We don’t know how dangerous this trip will turn out to be. But we know what happened to the Mars missions before Mars Ship Salt Lake’s Own finally had their brilliant success. It’s reasonable to expect that taking every precaution for the future children by separating them from our own bodies will help. And for those crew who don’t live to reach the Rings, we want to ensure that their posterity gets what is due them.


Pascaline!

It won’t work. No one is going to gestate the last member of the scullery worker’s blood line. Even with all we can do to protect the wee blastocysts, the womb mothers are going to have to take highly uncomfortable drugs to get their uteruses ready to possibly accept implantation, there is going to be a way higher than usual hypertension rate —especially in cases where the womb mother shares no DNA at all with the genetic mother or genetic father of the blastocyst—and also data suggests these pregnancies are going to have extreme miscarriage rates on top of everything else.

I had the lawyers try to come up with schemas where the parents or even the womb mothers alone get paid for the gestation attempt, but intentional miscarriage after the blood work shows that the fetus is a sanitation crew’s baby are just way too likely. We can’t depend on the descendants being saintly.


Got it. I adjusted the terms.

Now it is going to be illegal to compare genetic testing to the voter database, born or not, until a person has passed a Maturity Test.

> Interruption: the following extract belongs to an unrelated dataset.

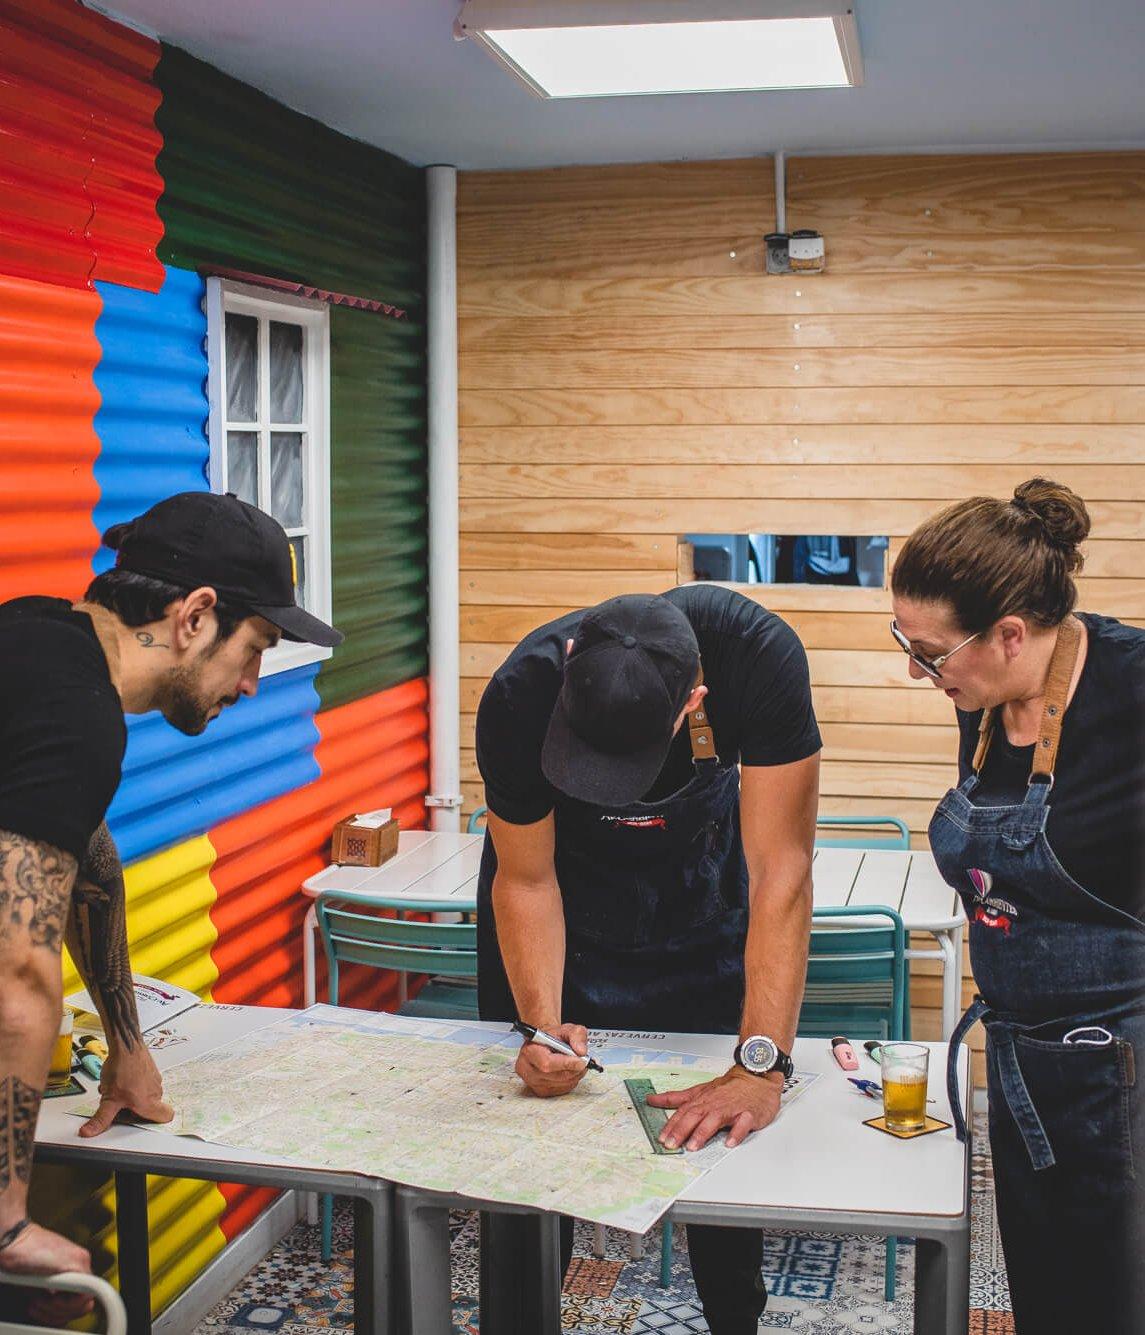 Pedidos | Pizzería Av. Corrientes | Pizzería Argentina en Barcelona
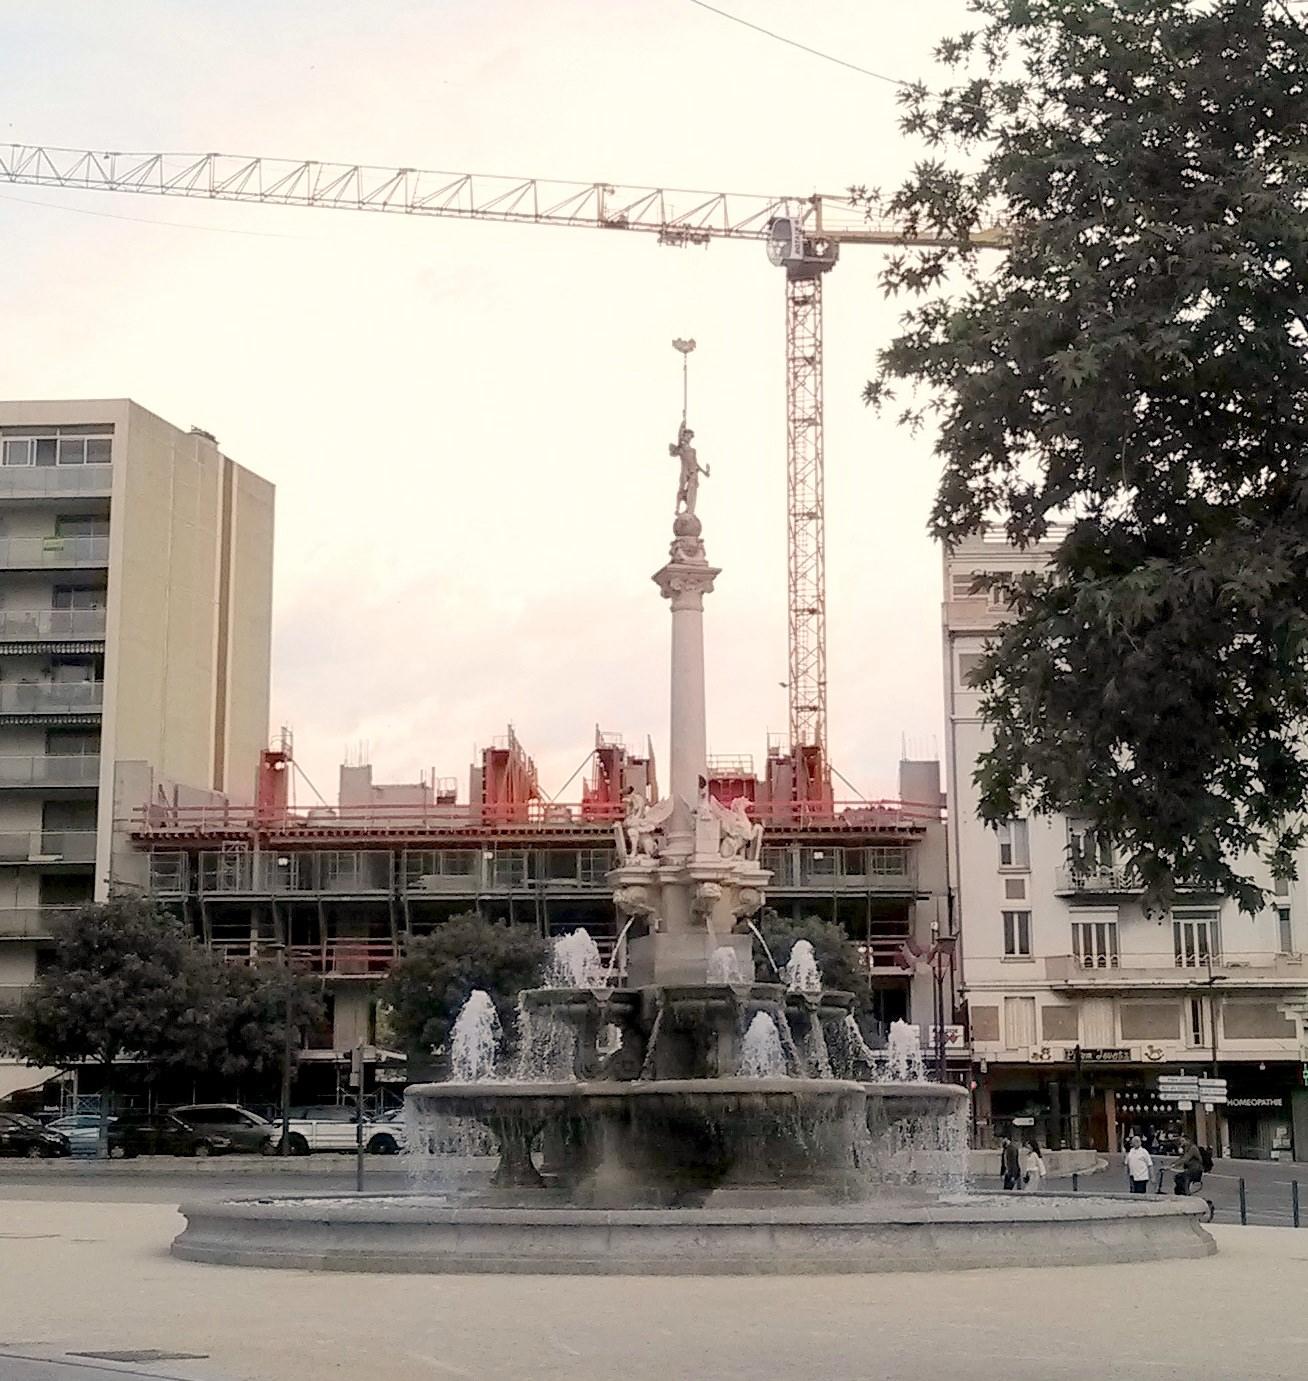 Valence – S03E04

And I made it so everyone on the RSC Chawla has to sign this before launch. Surprised the air lasted this long.

I love you.


I love y…

* * *

Jules Sadou signed on as First Crew Commander without making a report to anyone. He claimed the right to be the first to sign the Pascaline-Adamou Compact.

Ronnie Aanderson and his wife Cynthia signed in the days that followed before launch as did every other member of the RSC Chawla First Crew.